Question

Express the matrix \[A = \begin{bmatrix}3 & - 4 \\ 1 & - 1\end{bmatrix}\]  as the sum of a symmetric and a skew-symmetric matrix.

 

 

Answer 1

\[Given: A = \begin{bmatrix}3 & - 4 \\ 1 & - 1\end{bmatrix}\] 

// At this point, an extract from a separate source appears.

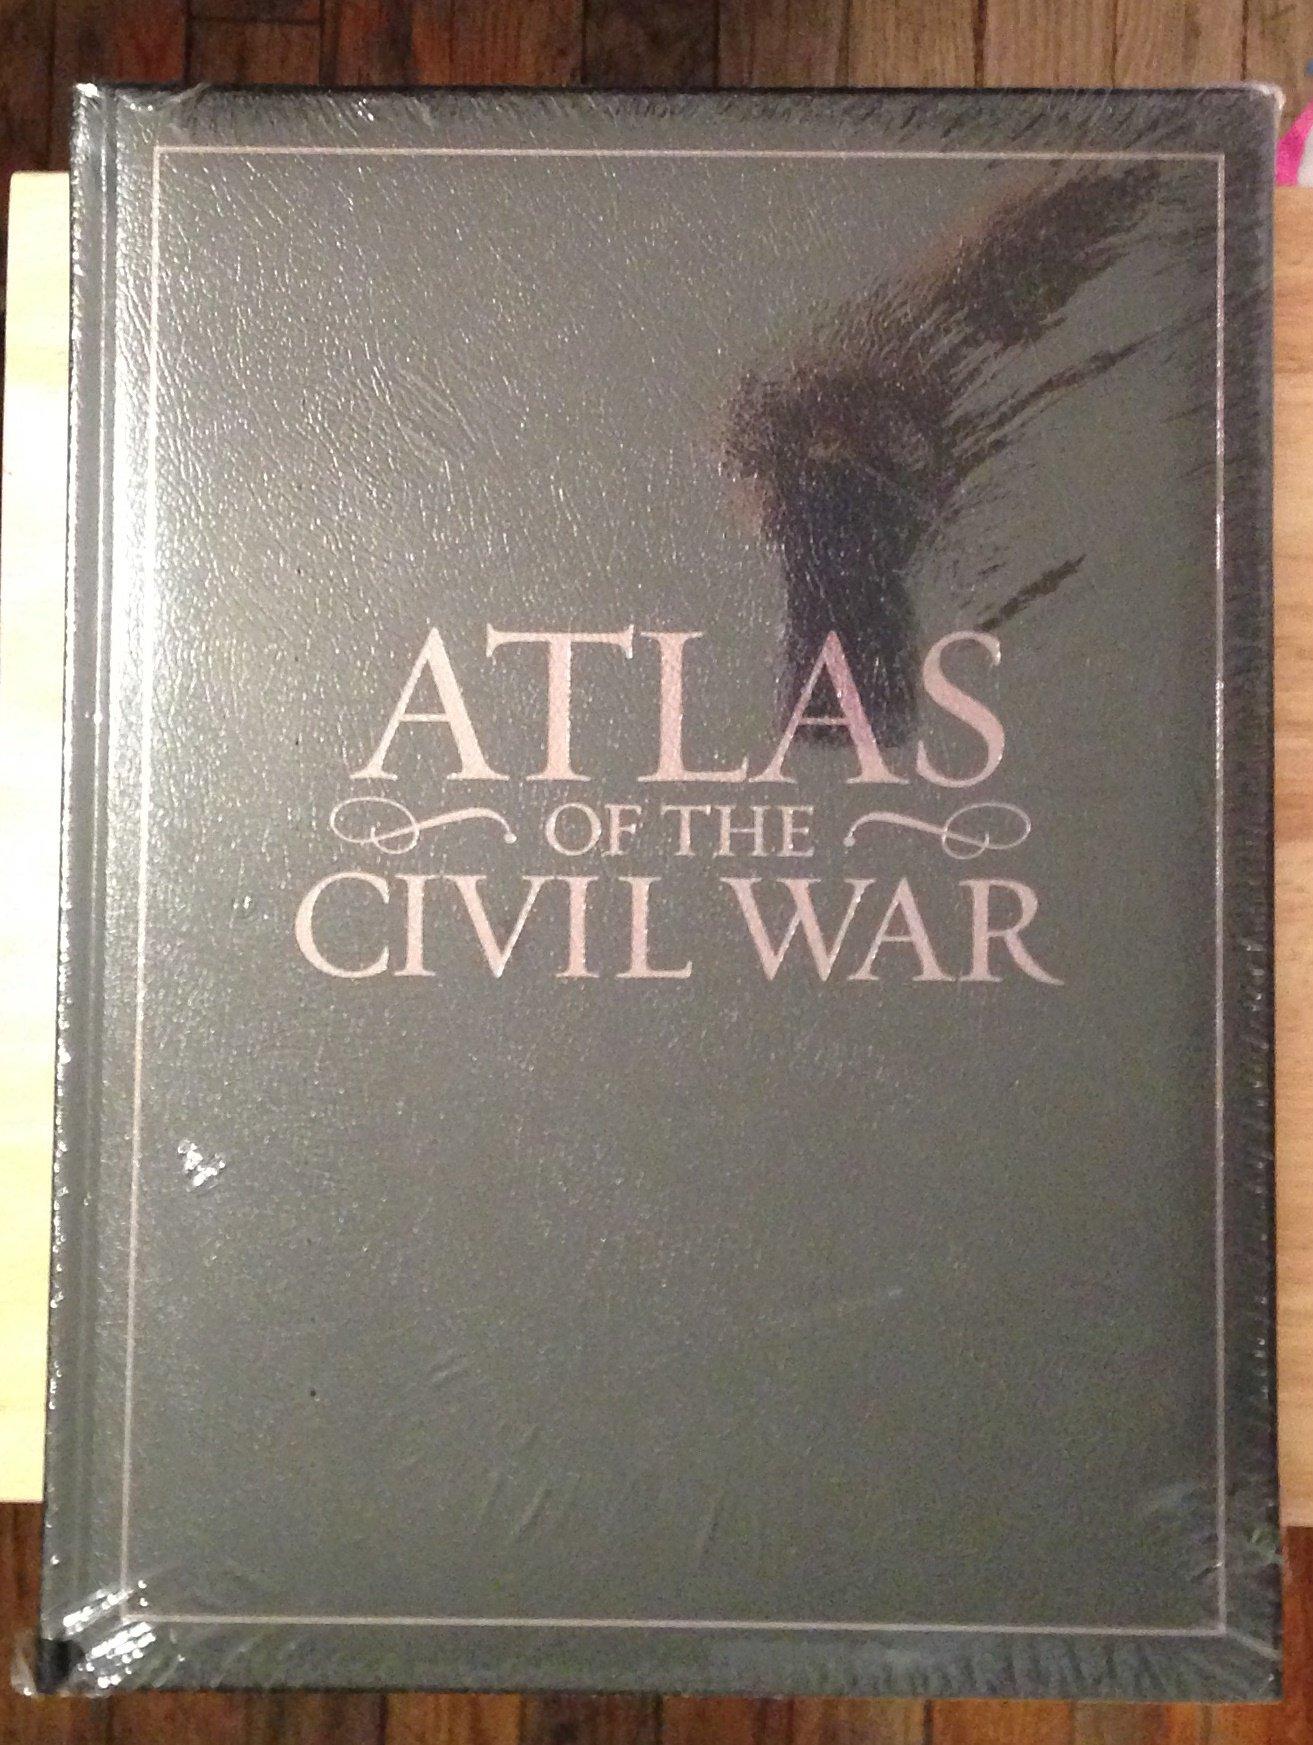 Atlas of the Civil War, Neil Kagan

\[ A^T = \begin{bmatrix}3 & 1 \\ - 4 & - 1\end{bmatrix}\] 
\[Let X = \frac{1}{2}\left( A + A^T \right) = \frac{1}{2}\left( \begin{bmatrix}3 & - 4 \\ 1 & - 1\end{bmatrix} + \begin{bmatrix}3 & 1 \\ - 4 & - 1\end{bmatrix} \right) = \begin{bmatrix}3 & \frac{- 3}{2} \\ \frac{- 3}{2} & - 1\end{bmatrix}\] 
\[ X^T = \begin{bmatrix}3 & \frac{- 3}{2} \\ \frac{- 3}{2} & - 1\end{bmatrix}^T = \begin{bmatrix}3 & \frac{- 3}{2} \\ \frac{- 3}{2} & - 1\end{bmatrix} = X\] 

\[Let Y = \frac{1}{2}\left( A - A^T \right) = \frac{1}{2}\left( \begin{bmatrix}3 & - 4 \\ 1 & - 1\end{bmatrix} - \begin{bmatrix}3 & 1 \\ - 4 & - 1\end{bmatrix} \right) = \begin{bmatrix}0 & \frac{- 5}{2} \\ \frac{5}{2} & 0\end{bmatrix}\] 

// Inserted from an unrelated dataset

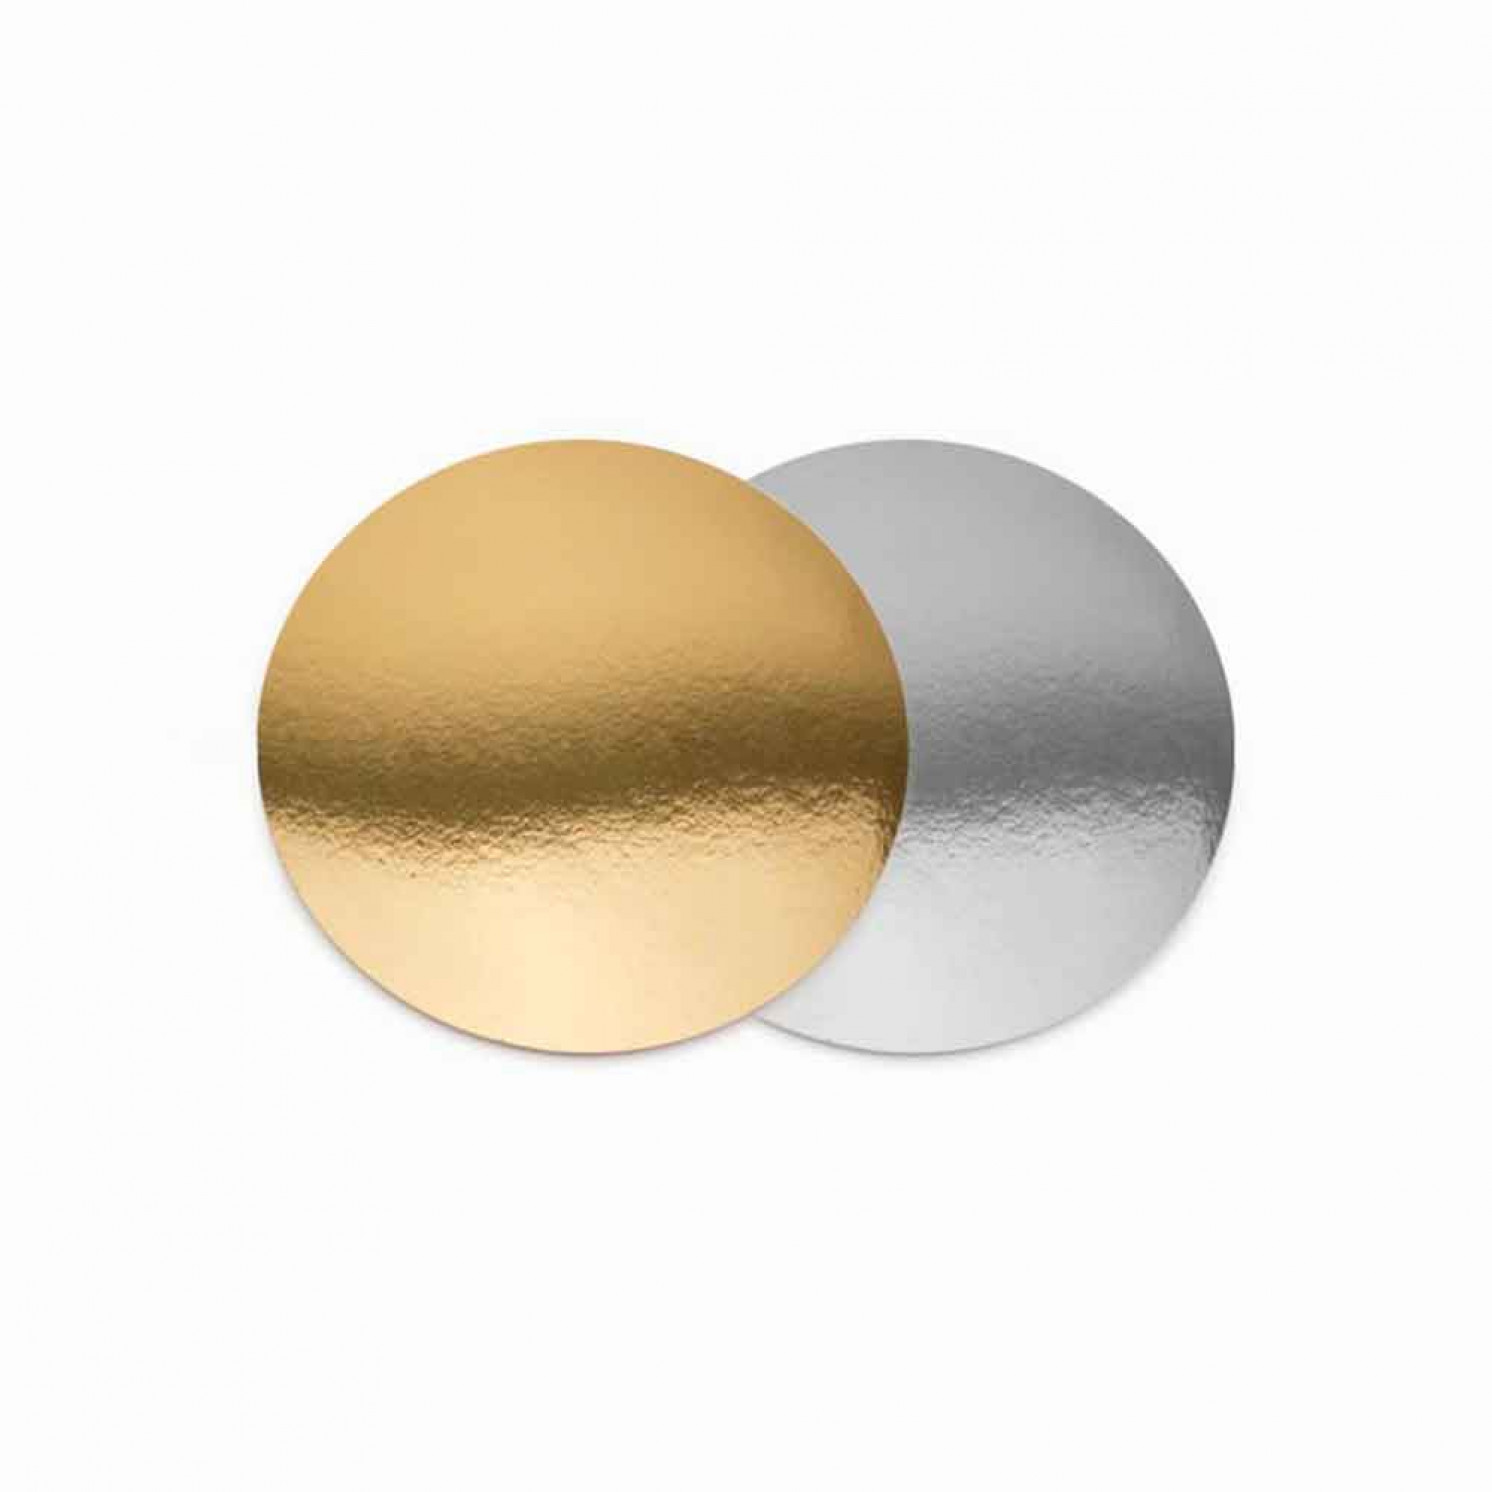 Подложка золото/серебро D300 мм (Толщина 0,8 мм)

\[ Y^T = \begin{bmatrix}0 & \frac{- 5}{2} \\ \frac{5}{2} & 0\end{bmatrix}^T = \begin{bmatrix}0 & \frac{5}{2} \\ \frac{- 5}{2} & 0\end{bmatrix} = - \begin{bmatrix}0 & \frac{- 5}{2} \\ \frac{5}{2} & 0\end{bmatrix} = Y\] 

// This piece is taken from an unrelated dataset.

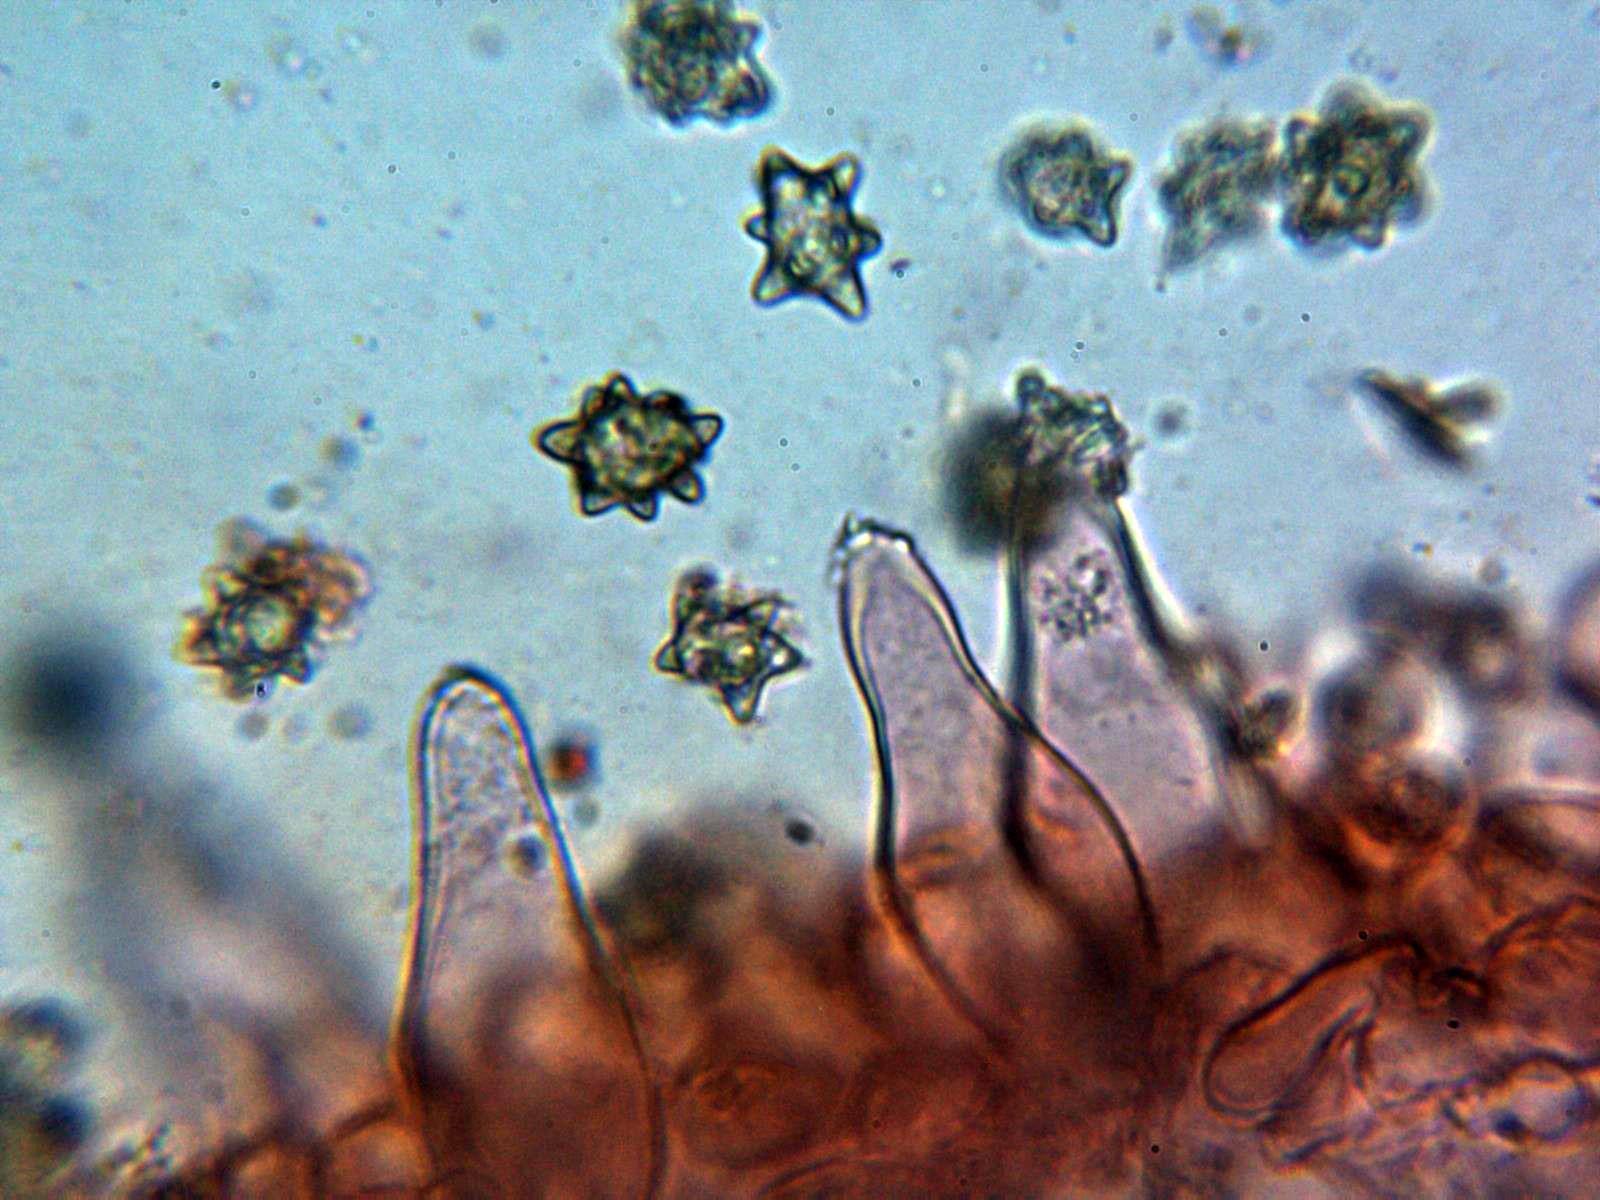 6-Queilocistidios2.jpg

`"therefore X is a symmetric matrix and Y is a skew - symmetric matrix ."`

\[X + Y = \begin{bmatrix}3 & \frac{- 3}{2} \\ \frac{- 3}{2} & - 1\end{bmatrix} + \begin{bmatrix}0 & \frac{- 5}{2} \\ \frac{5}{2} & 0\end{bmatrix} = \begin{bmatrix}3 & - 4 \\ 1 & - 1\end{bmatrix} = A\]